As far as I am concerned diabetes is just a label for a condition. I am not scared of either the label or the condition. I simply wanted to know what were the practical things I needed to do to manage, control and if possible reduce the effect it was going to have on my life.

But my time was up, and I'll have to get that information from my GP's Diabetic clinic - an appointment I need to make ASAP.

The consultant's closing remarks were both chilling and encouraging: This is your wake-up call. If you commit to doing something about your weight and health, we've caught this early enough that there should not be any further complications. If you don't, this will kill you.

Seems like I've made a step forwards in dealing with my obesity.
Not on the path I thought I was going to follow, but a step forwards never-the-less.
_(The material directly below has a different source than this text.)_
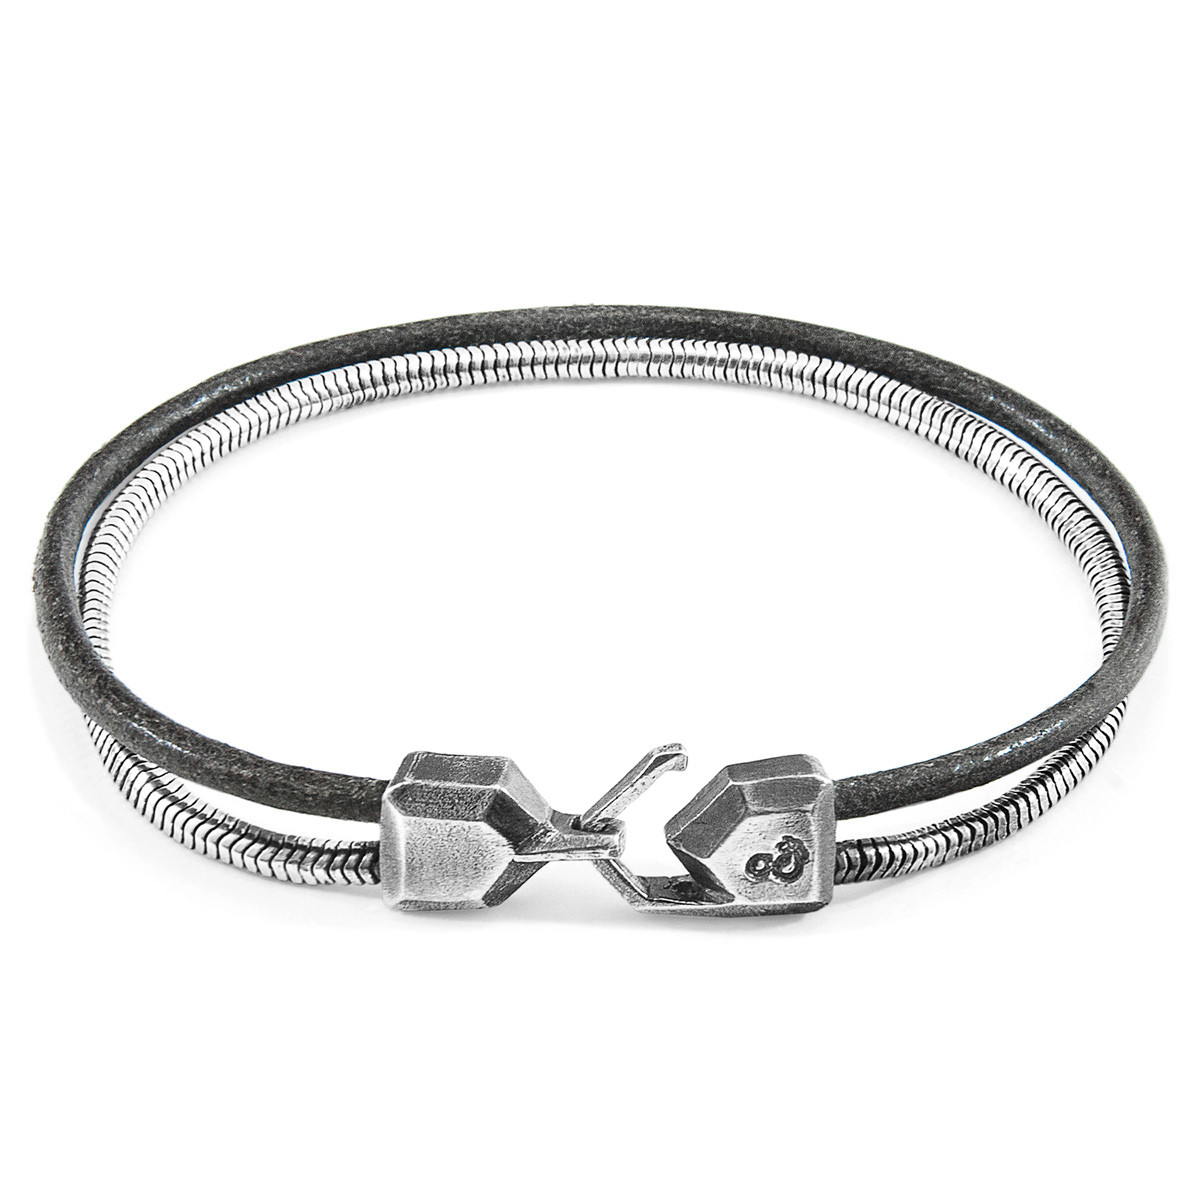 Shadow Grey Gallant Mast Silver and Round Leather Bracelet
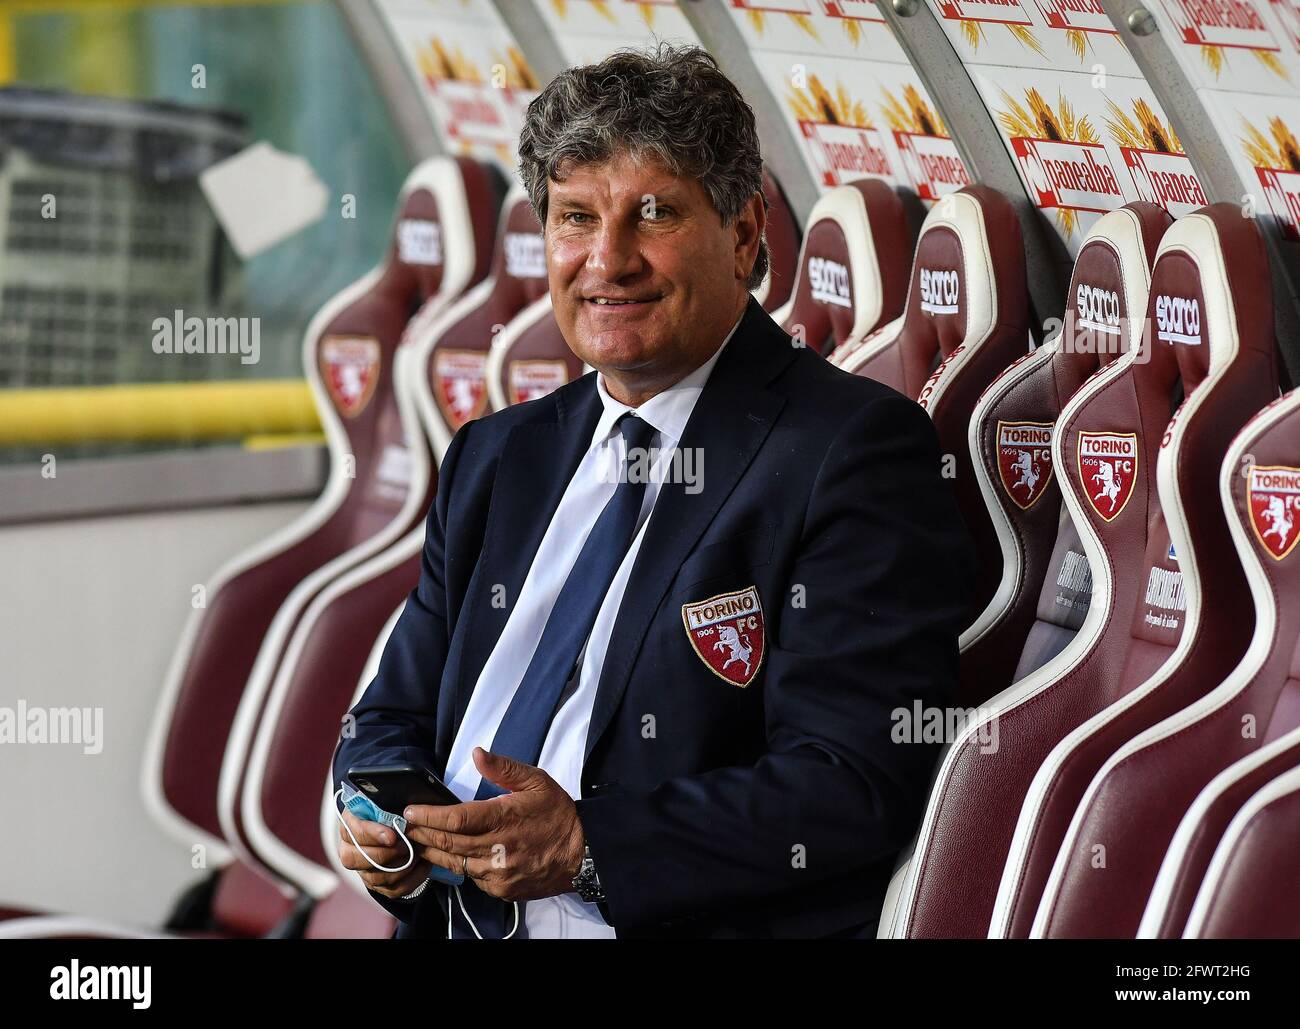 Antonio Comi D.G. of Torino FC during the Serie A 2020/21 match

On the taxi ride back from the hospital, I think about whether I have really accepted that I have diabetes, or whether I am in shock / denial. I don't think I am.
I have diabetes. It's a condition that will kill me if I don't manage it. Ergo, I will manage it. It's no longer a question of will-power or anything else. My attitide to my personal health has already changed - my health is no longer something that rests at the bottom of the pile of all the things that I need to do. It's now at the top, and will only be pushed down temporarily by my family's immediate health concerns, if they ever arise.

But that does raise a question - can my family accept the change in priorities, and support me with the lifestyle changes I will be making?

It seems, at the end of the day, that is the biggest concern I have.